[PATCH v2 1/2] drm/amdkfd: check access permisson to restore retry fault
Felix Kuehling
felix.kuehling at amd.com
Fri Aug 20 22:09:59 UTC 2021
Am 2021-08-20 um 2:31 p.m. schrieb Philip Yang:
> Check range access permission to restore GPU retry fault, if GPU retry
> fault on address which belongs to VMA, and VMA has no read or write
> permission requested by GPU, failed to restore the address. The vm fault
> event will pass back to user space.
>
> Signed-off-by: Philip Yang <Philip.Yang at amd.com>
> ---
> drivers/gpu/drm/amd/amdgpu/amdgpu_vm.c | 5 +++--
> drivers/gpu/drm/amd/amdgpu/amdgpu_vm.h | 2 +-
> drivers/gpu/drm/amd/amdgpu/gmc_v10_0.c | 3 ++-
> drivers/gpu/drm/amd/amdgpu/gmc_v9_0.c | 3 ++-
> drivers/gpu/drm/amd/amdkfd/kfd_svm.c | 29 +++++++++++++++++++++++++-
> drivers/gpu/drm/amd/amdkfd/kfd_svm.h | 5 +++--
> 6 files changed, 39 insertions(+), 8 deletions(-)
>
> diff --git a/drivers/gpu/drm/amd/amdgpu/amdgpu_vm.c b/drivers/gpu/drm/amd/amdgpu/amdgpu_vm.c
> index 831f00644460..bbb892d8f489 100644
> --- a/drivers/gpu/drm/amd/amdgpu/amdgpu_vm.c
> +++ b/drivers/gpu/drm/amd/amdgpu/amdgpu_vm.c
> @@ -3347,12 +3347,13 @@ void amdgpu_vm_set_task_info(struct amdgpu_vm *vm)

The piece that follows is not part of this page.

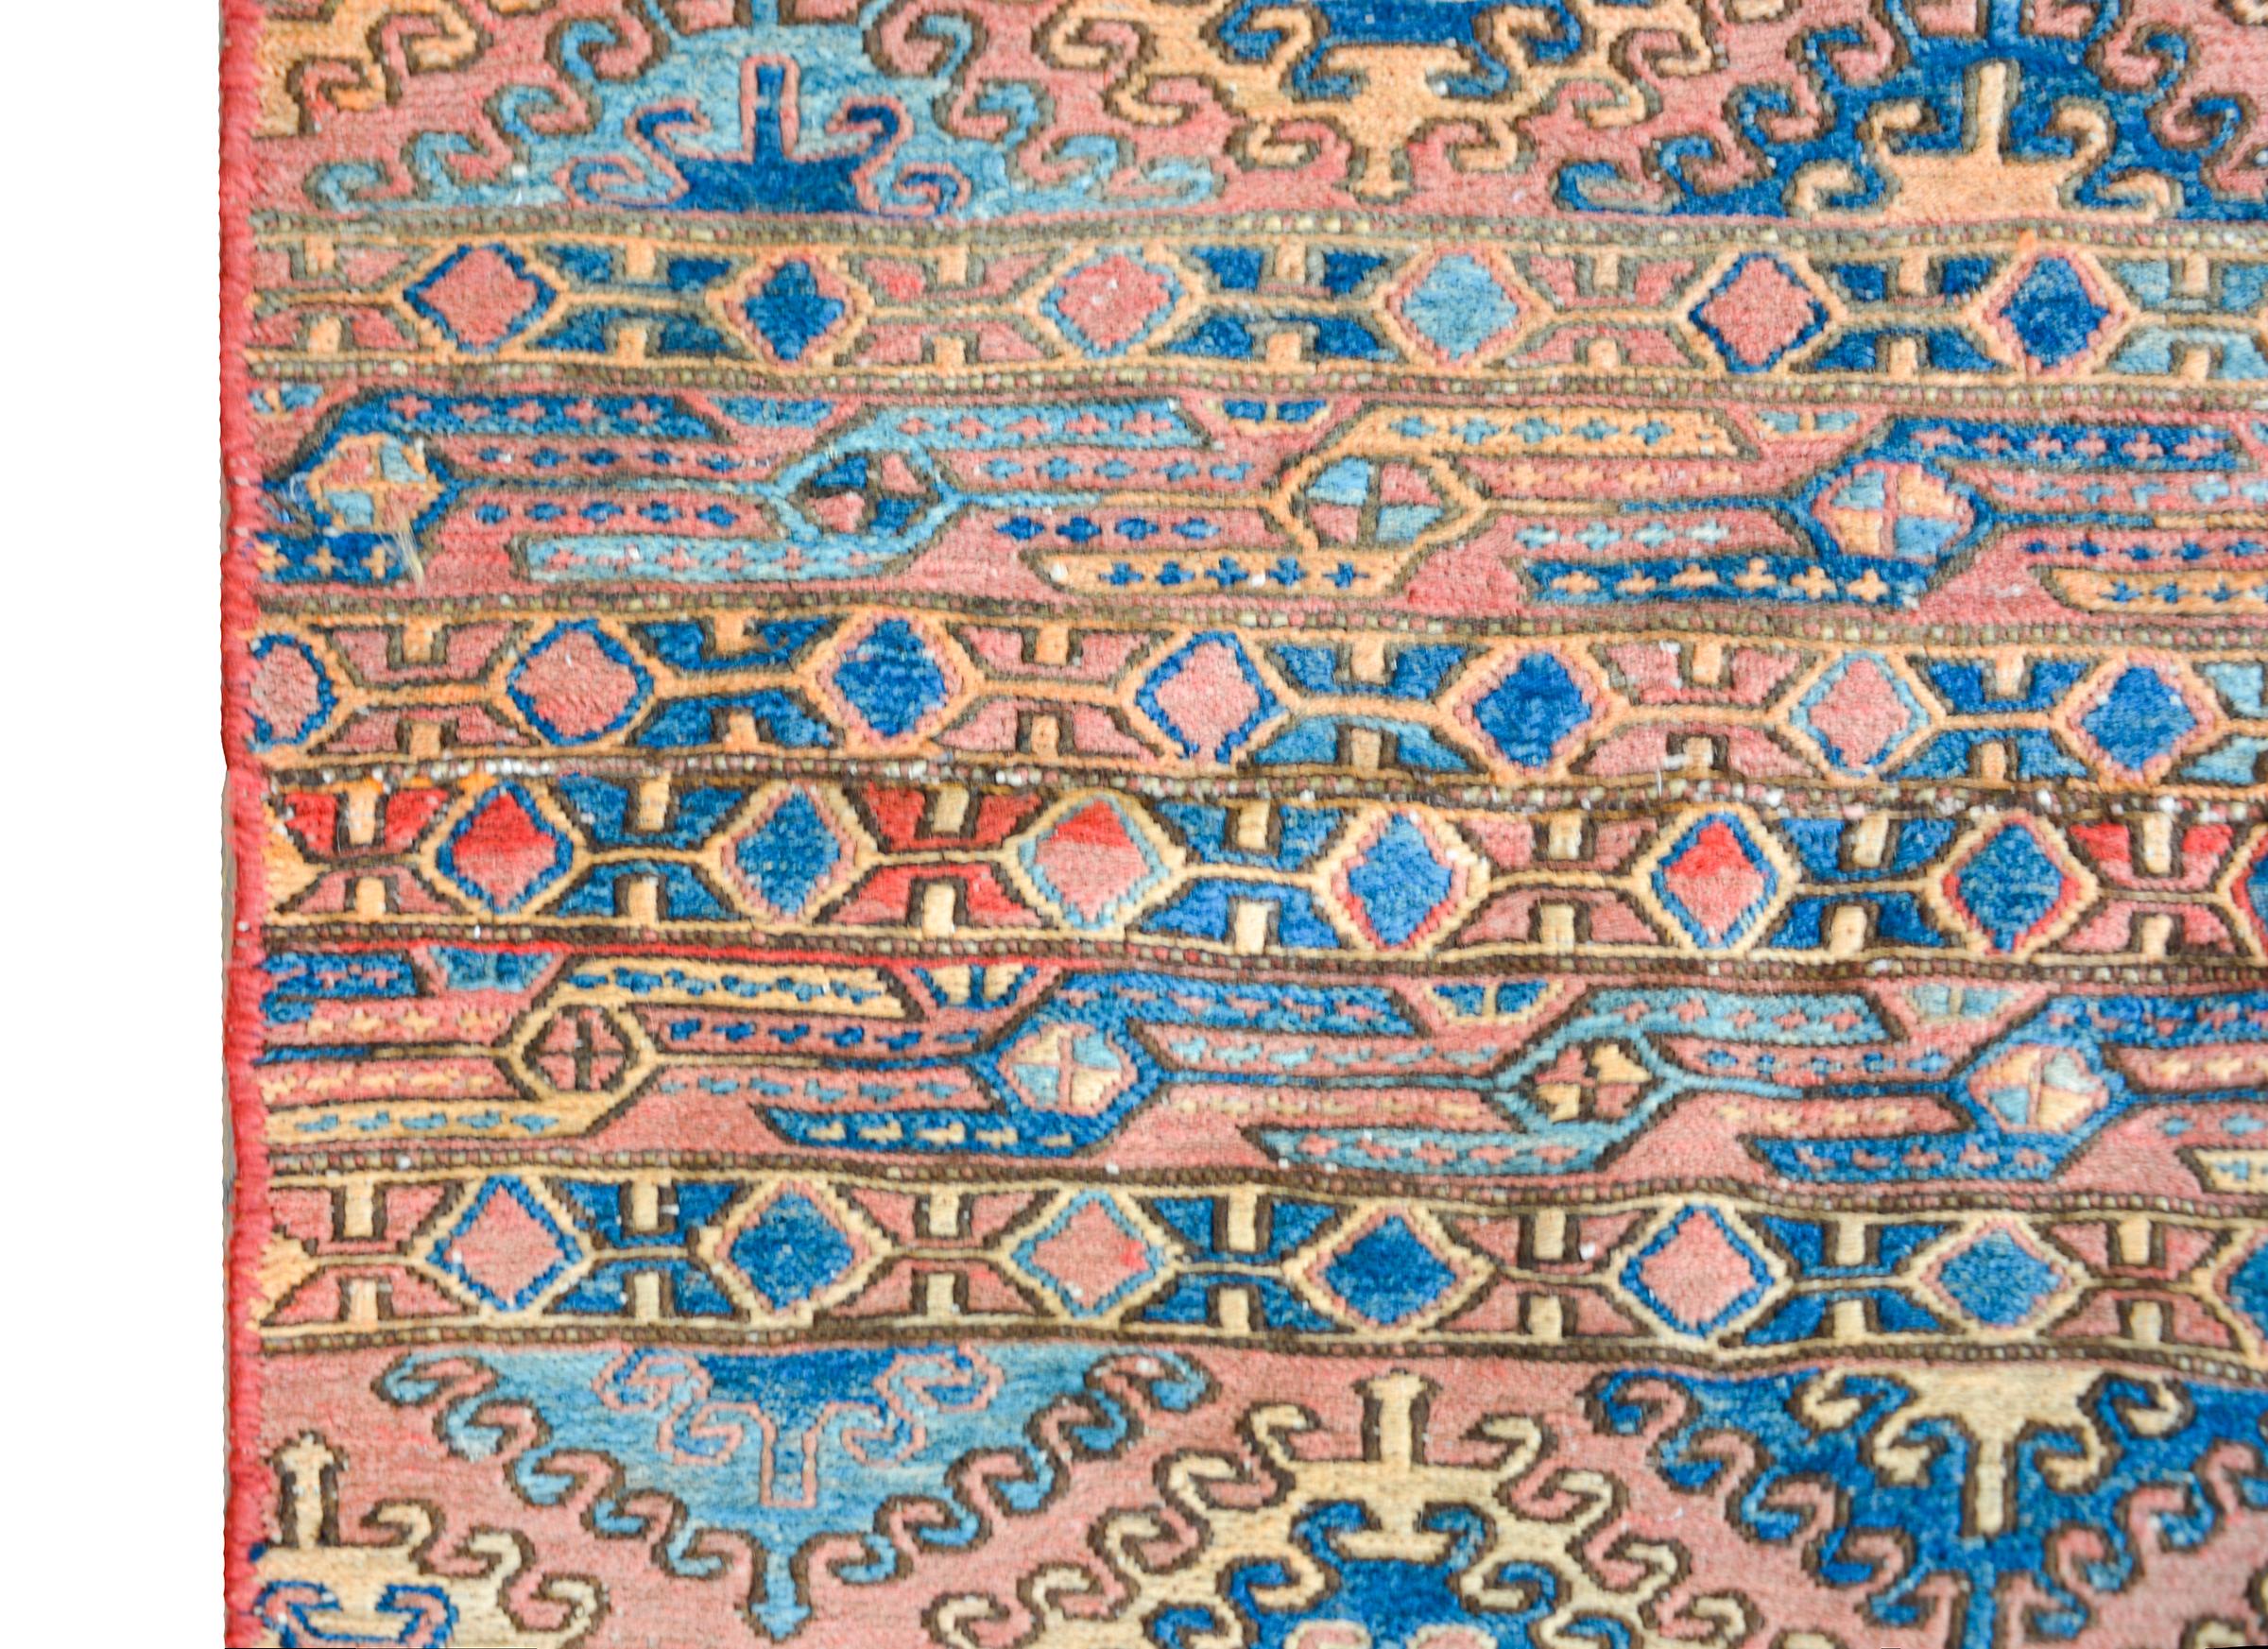 An interesting early 20th century Persian Soumak rug with bold stripes woven with stylized floral patterns, and flanked with white flat woven ends.

> * @adev: amdgpu device pointer
> * @pasid: PASID of the VM
> * @addr: Address of the fault
> + * @write_fault: 0 is read fault, 1 is write fault
That should say true/false instead of 0/1. With that fixed, the series is
Reviewed-by: Felix Kuehling <Felix.Kuehling at amd.com>
> *
> * Try to gracefully handle a VM fault. Return true if the fault was handled and
> * shouldn't be reported any more.
> */
> bool amdgpu_vm_handle_fault(struct amdgpu_device *adev, u32 pasid,
> - uint64_t addr)
> + uint64_t addr, bool write_fault)
> {
> bool is_compute_context = false;
> struct amdgpu_bo *root;
> @@ -3377,7 +3378,7 @@ bool amdgpu_vm_handle_fault(struct amdgpu_device *adev, u32 pasid,
> addr /= AMDGPU_GPU_PAGE_SIZE;
>
> if (is_compute_context &&
> - !svm_range_restore_pages(adev, pasid, addr)) {
> + !svm_range_restore_pages(adev, pasid, addr, write_fault)) {
> amdgpu_bo_unref(&root);
> return true;
> }
> diff --git a/drivers/gpu/drm/amd/amdgpu/amdgpu_vm.h b/drivers/gpu/drm/amd/amdgpu/amdgpu_vm.h
> index 80cc9ab2c1d0..85fcfb8c5efd 100644
> --- a/drivers/gpu/drm/amd/amdgpu/amdgpu_vm.h
> +++ b/drivers/gpu/drm/amd/amdgpu/amdgpu_vm.h
> @@ -448,7 +448,7 @@ void amdgpu_vm_check_compute_bug(struct amdgpu_device *adev);
> void amdgpu_vm_get_task_info(struct amdgpu_device *adev, u32 pasid,
> struct amdgpu_task_info *task_info);
> bool amdgpu_vm_handle_fault(struct amdgpu_device *adev, u32 pasid,
> - uint64_t addr);
> + uint64_t addr, bool write_fault);
>
> void amdgpu_vm_set_task_info(struct amdgpu_vm *vm);
>
> diff --git a/drivers/gpu/drm/amd/amdgpu/gmc_v10_0.c b/drivers/gpu/drm/amd/amdgpu/gmc_v10_0.c
> index 24b781e90bef..41c3a0d70b7c 100644
> --- a/drivers/gpu/drm/amd/amdgpu/gmc_v10_0.c
> +++ b/drivers/gpu/drm/amd/amdgpu/gmc_v10_0.c
> @@ -93,6 +93,7 @@ static int gmc_v10_0_process_interrupt(struct amdgpu_device *adev,
> struct amdgpu_iv_entry *entry)
> {
> bool retry_fault = !!(entry->src_data[1] & 0x80);
> + bool write_fault = !!(entry->src_data[1] & 0x20);
> struct amdgpu_vmhub *hub = &adev->vmhub[entry->vmid_src];
> struct amdgpu_task_info task_info;
> uint32_t status = 0;
> @@ -121,7 +122,7 @@ static int gmc_v10_0_process_interrupt(struct amdgpu_device *adev,
> /* Try to handle the recoverable page faults by filling page
> * tables
> */
> - if (amdgpu_vm_handle_fault(adev, entry->pasid, addr))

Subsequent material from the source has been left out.